## The problem
Please write out the entire listing below exactly, excluding its pictures.

## Source data
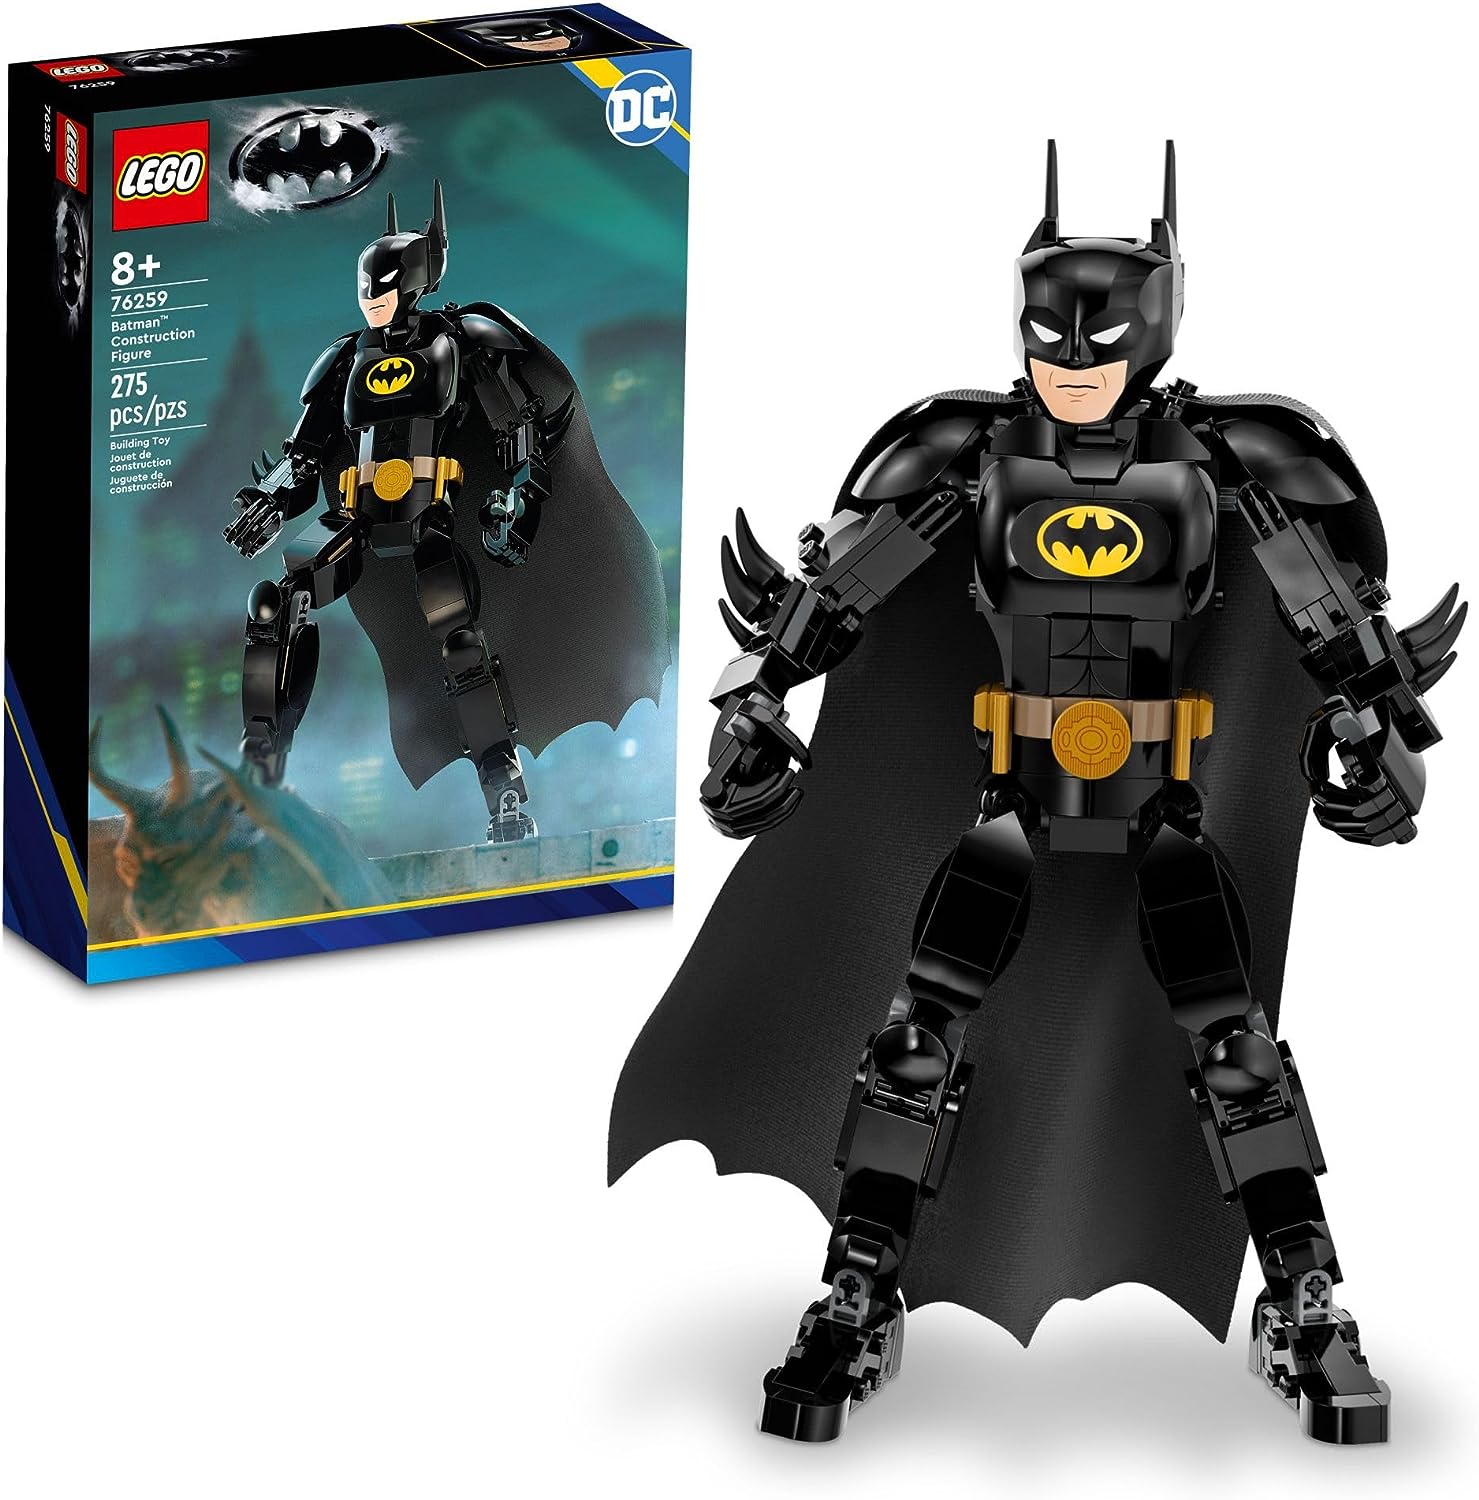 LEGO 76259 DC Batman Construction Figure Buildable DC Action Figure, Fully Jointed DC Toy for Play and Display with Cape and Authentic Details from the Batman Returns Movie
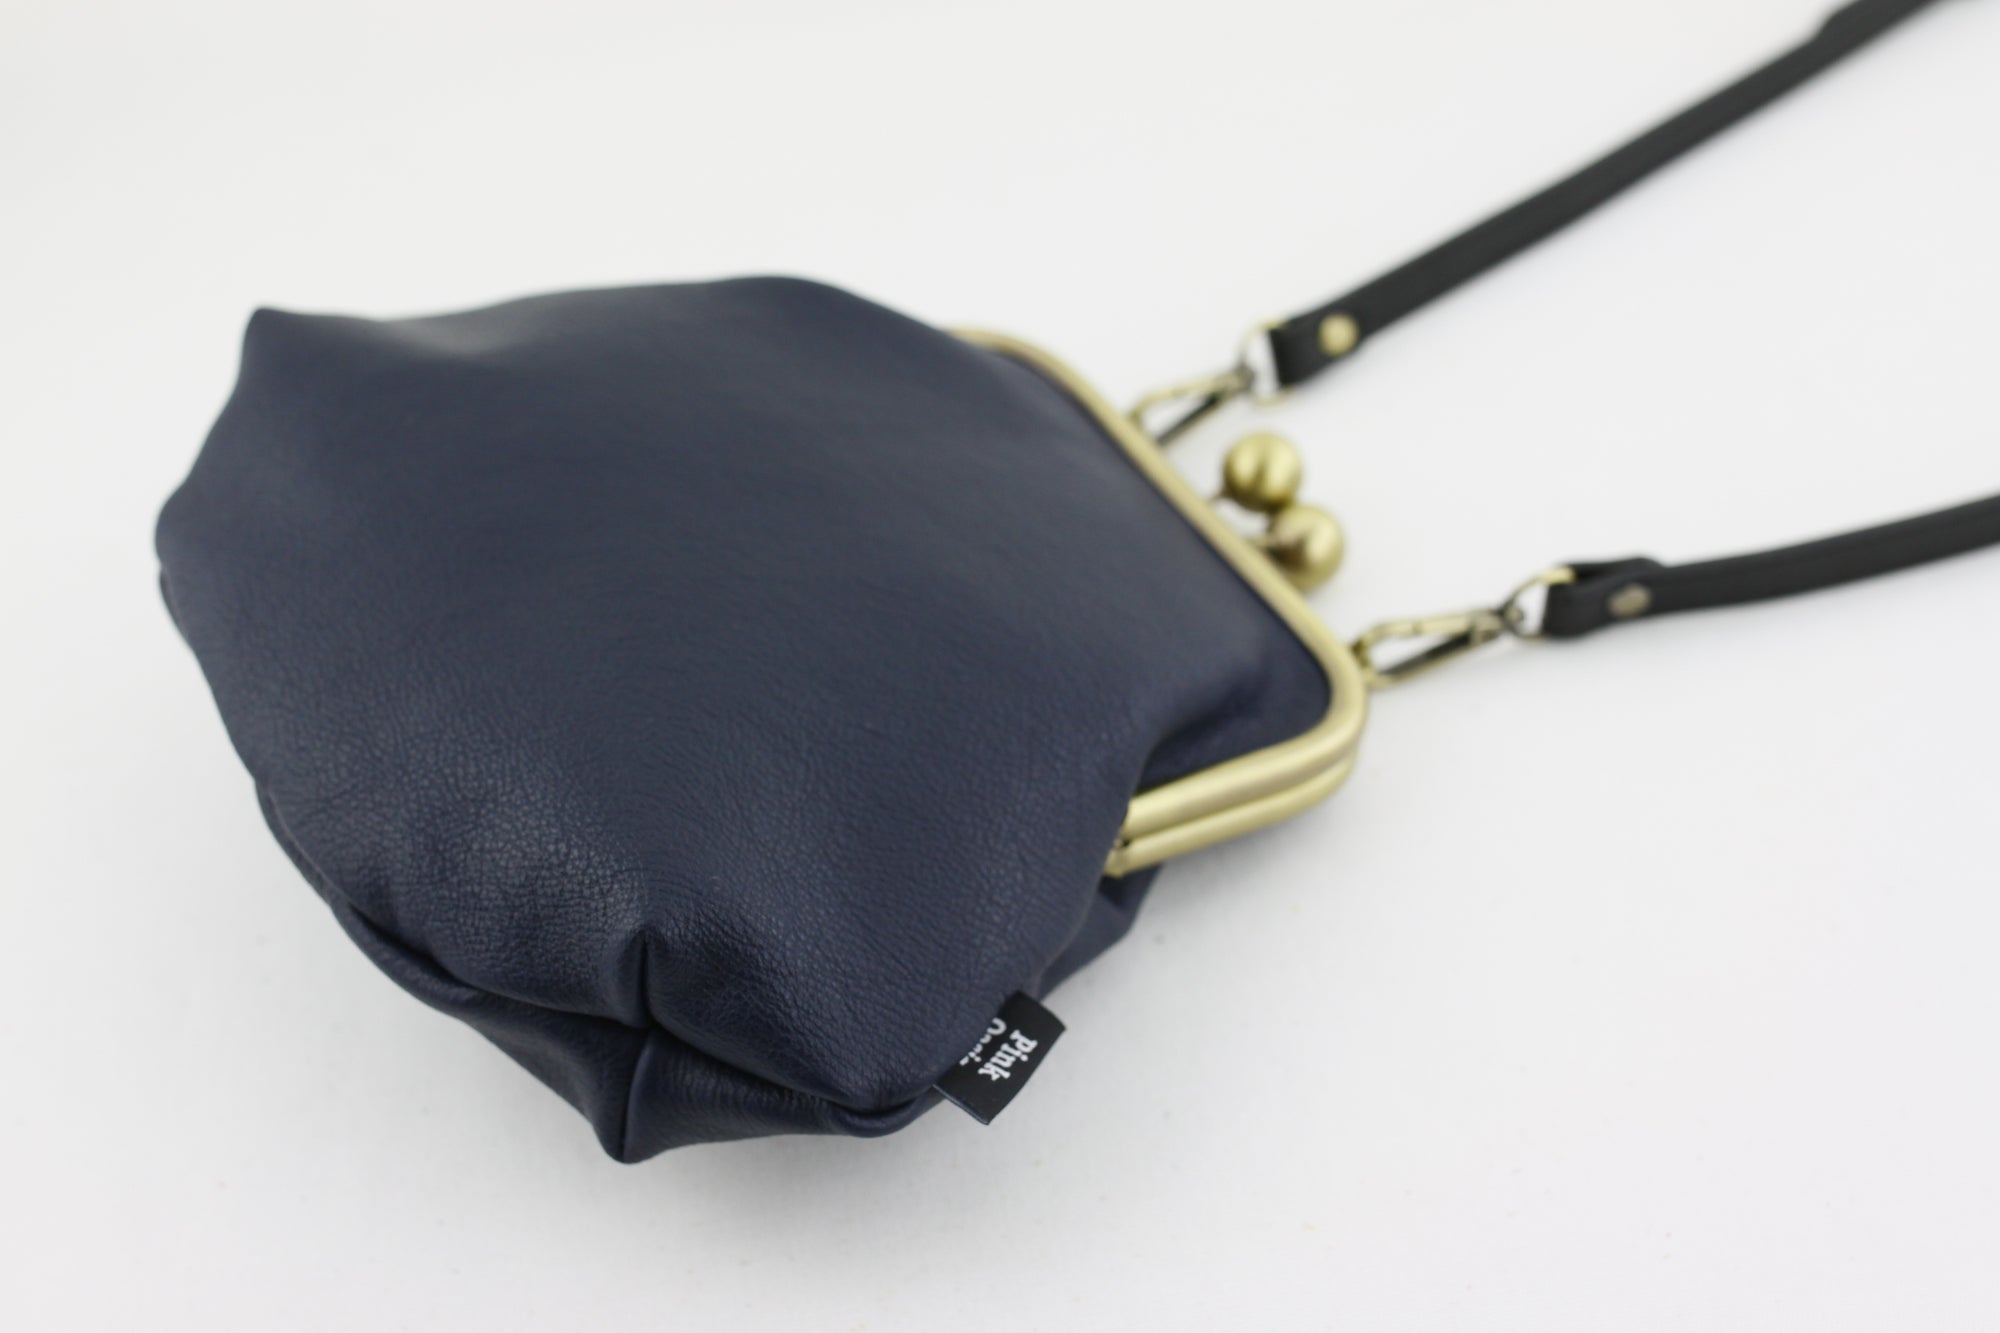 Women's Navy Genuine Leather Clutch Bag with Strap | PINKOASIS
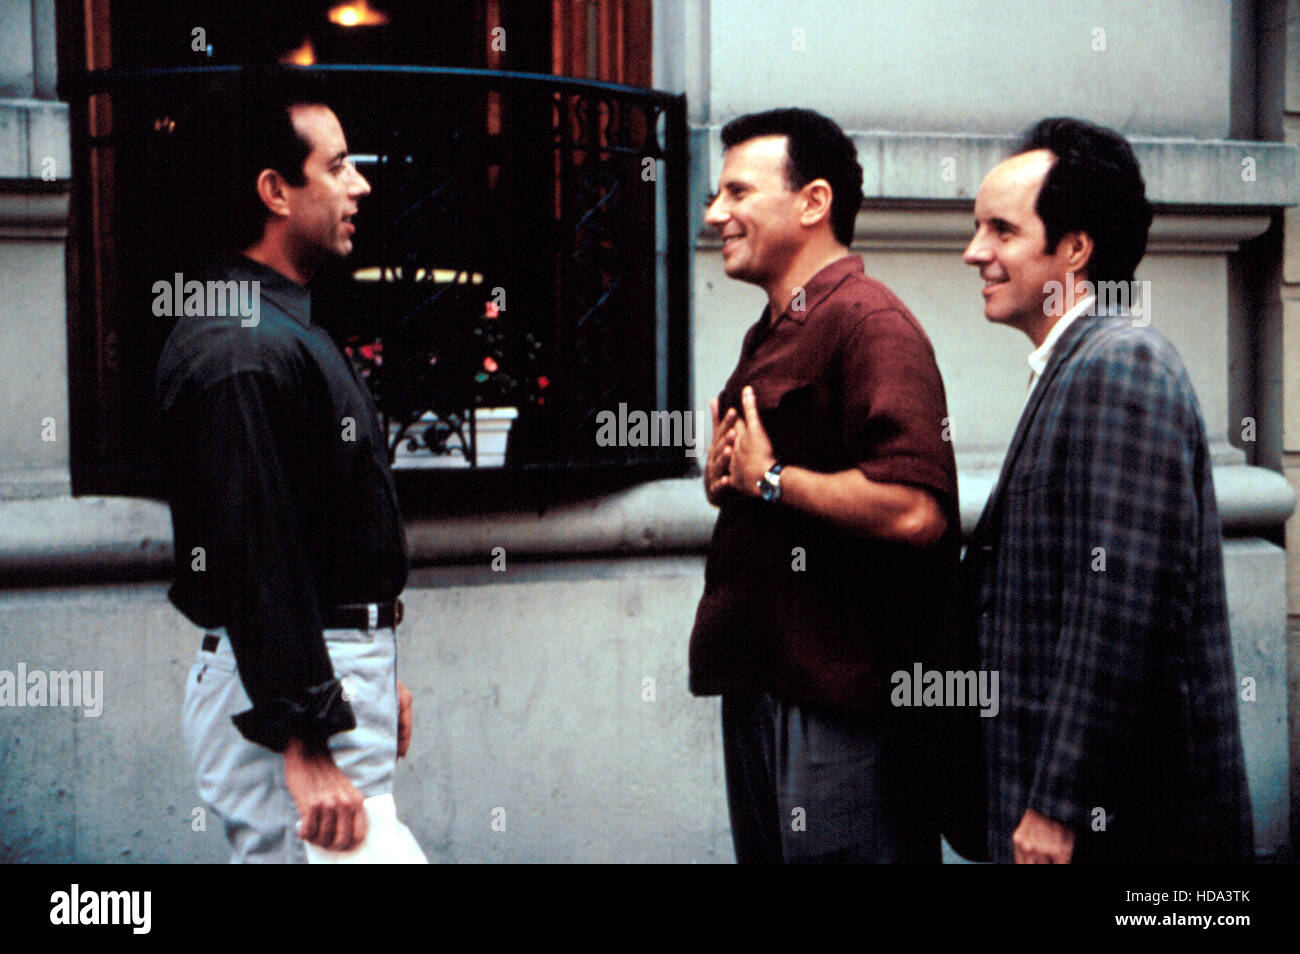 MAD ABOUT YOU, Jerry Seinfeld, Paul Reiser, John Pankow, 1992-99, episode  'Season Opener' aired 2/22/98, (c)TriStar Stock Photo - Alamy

## Written response
 LEGO 76259 DC Batman Construction Figure Buildable DC Action Figure, Fully Jointed DC Toy for Play and Display with Cape and Authentic Details from the Batman Returns Movie
 Women's Navy Genuine Leather Clutch Bag with Strap | PINKOASIS
 MAD ABOUT YOU, Jerry Seinfeld, Paul Reiser, John Pankow, 1992-99, episode  'Season Opener' aired 2/22/98, (c)TriStar Stock Photo - Alamy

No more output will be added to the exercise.